To force an expression to use a particular collation, one can explicitly specify that one of its operands has an explicit, incoercible collation (via a COLLATE clause).  Whilst it should perhaps be erroneous if that operand is not a string type, MySQL nevertheless proceeds by casting the operand to a string; one should imagine that such casts would follow the documented behaviour under "Type Conversion in Expression Evaluation"[1]:

> In MySQL 5.6, implicit conversion of a numeric or temporal value to string produces a
> value that has a character set and collation determined by the character_set_connection
> and collation_connection system variables.

However, this is not the case—the operand is cast to a string using the latin1 character set irrespective of the server's settings.

[1]: http://dev.mysql.com/doc/en/type-conversion.html

How to repeat:
mysql> SHOW VARIABLES LIKE '%_connection';
+--------------------------+-----------------+
| Variable_name            | Value           |
+--------------------------+-----------------+
| character_set_connection | utf8            |
| collation_connection     | utf8_general_ci |
+--------------------------+-----------------+
2 rows in set (0.00 sec)

mysql> SELECT 123 COLLATE utf8_general_ci;
ERROR 1253 (42000): COLLATION 'utf8_general_ci' is not valid for CHARACTER SET 'latin1'

Suggested fix:
Values that are implicitly converted to strings, even if only by a COLLATE clause, should use the connection character set.
[9 Mar 2015 2:08] Alan Egerton
This looks as though it may be the same issue as http://bugs.mysql.com/bug.php?id=73858
[9 Mar 2015 14:42] Peter Laursen
I don't remember now why I posted the other bug report.  But it was a practical matter for me/us at the time (all my reports here are). But the test case I posted is so much reduced/generalized/abstracted that I dont remember how I came across this.
 
But what if the SELECT is wrapped in an "INSERT INTO some_table.<string-column> SELECT <expression like in this report> CONCAT <any other expression resolving to a string>.." or similar? In such case the CONCAT'ed strings need to use same CHARSET and COlLATION as the colmnn inserted to. Some requirement for a query like this could have been the issue/reason for my report.
[9 Mar 2015 14:54] Peter Laursen
I think I remember now what our issue was.

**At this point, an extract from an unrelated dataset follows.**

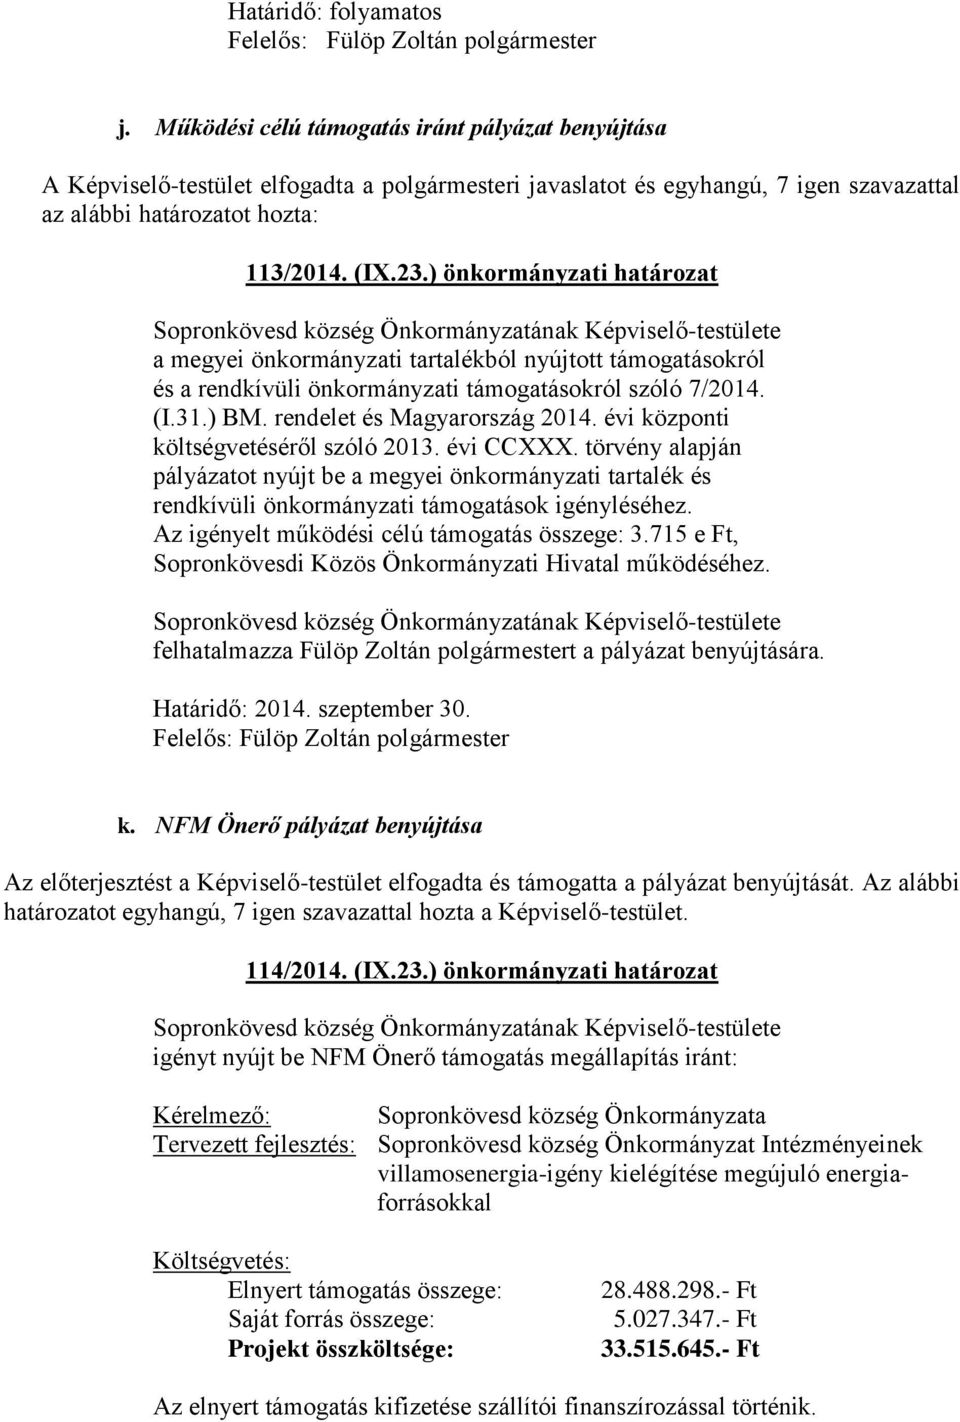 ) önkormányzati határozat a megyei önkormányzati tartalékból nyújtott támogatásokról és a rendkívüli önkormányzati támogatásokról szóló 7/2014. (I.31.) BM. rendelet és Magyarország 2014.

The error occured with a query calculating an MD5-checksum on a number of table columns (of any type) 'serialized into a string' using CONCAT_WS(). This checksum was used to identify if rows were to be considered identical or not *as regards important columns* by an application. 

We found a workaround but I don't rememeber what that was now either.
[11 Mar 2015 12:42] MySQL Verification Team
Thank you for the report.
Observed similar behavior on 5.5.44, 5.6.25.

Thanks,
Umesh